Unbeknownst to participants, 6 of the 50 faces (12 trials per block) were always paired with stop trials in the training phase, but only with go trials in the transfer phase (“stop–go” stimuli). The main prediction was that, over time, the association with stop trials would facilitate the stop response to these stimuli, but cause interference, reflected by slower go reaction times (goRTs), when they were subsequently paired with go trials. Another 12 faces were paired with only go trials in both phases (“go–go” stimuli); this association was expected to facilitate the go response, as reflected by faster goRTs. Another 8 faces were randomly paired with stop trials or go trials (25:75% chance) during training, but only with go trials in the transfer phase (“go/stop–go” stimuli). These stimuli enabled the comparison of goRTs in the transfer phase between stimuli that had previously been paired with only stop trials or only go trials on the one hand, and stimuli that had not been systematically paired with either on the other hand.
Sixteen faces were randomly paired with stop or go trials (25:75% chance) in both phases (“go/stop–go/stop” stimuli), and eight faces were paired with go trials in the training phase but with stop trials in the transfer phase (“go–stop” stimuli), to create a 24% stop ratio overall. The table incorporated in Fig. 1 provides an overview of all stimulus types, which were presented pseudorandomly with the constraint that no stimulus repeated on consecutive trials. Importantly, each stimulus type that involved stop-trials, i.e., (1) stimuli associated with stop trials only, and (2) stimuli associated with either stop or go trials, had their own two staircases with the same two starting values in each phase, thus allowing us to test the effects of the systematic pairing with stop trials on SSD.

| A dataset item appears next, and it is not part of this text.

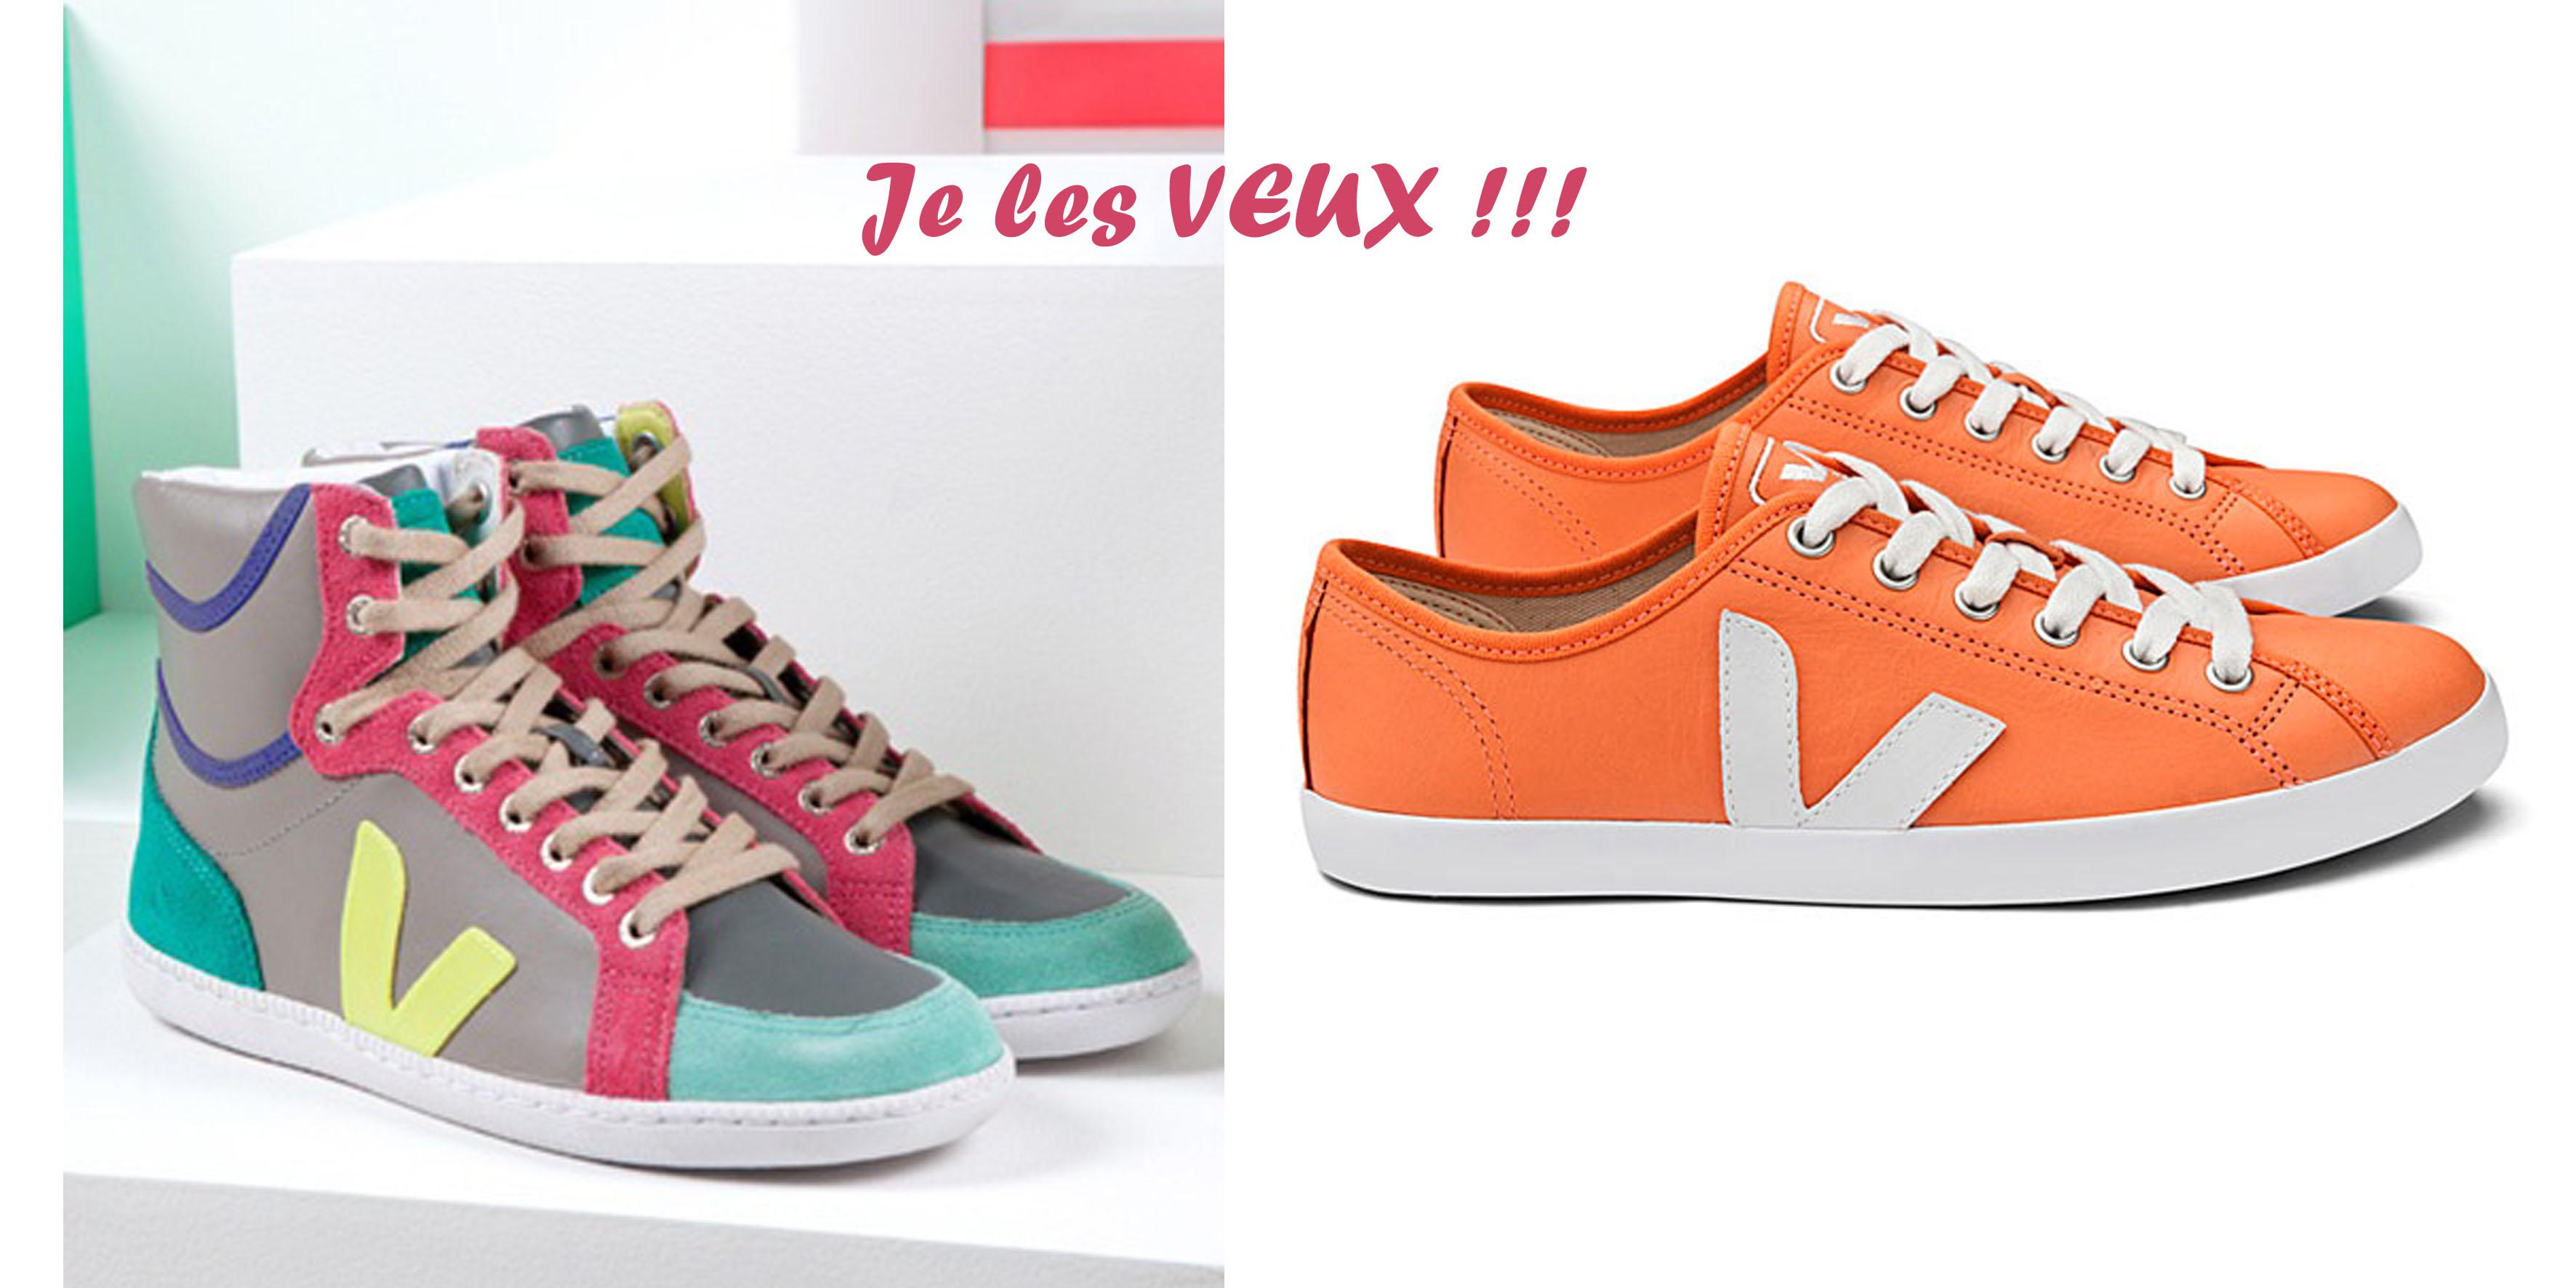 plus récent 0802a 4b50f chaussure de sport basket pas cher,chaussure de basket nike ...

We predicted that over the course of the training phase the average SSD for “stop–go” stimuli (paired with stop trials in the training phase) would increase relative to “go/stop–go” stimuli (not systematically paired with stop or go trials in the training phase), reflecting facilitation of the stop response to stop-associated stimuli. We hypothesized that this increase would be greater in the presence of nicotine, reflecting enhanced formation of associations between the paired stimuli and the stop signal or the stop response (stimulus–stimulus and stimulus–response associations cannot be distinguished in this paradigm).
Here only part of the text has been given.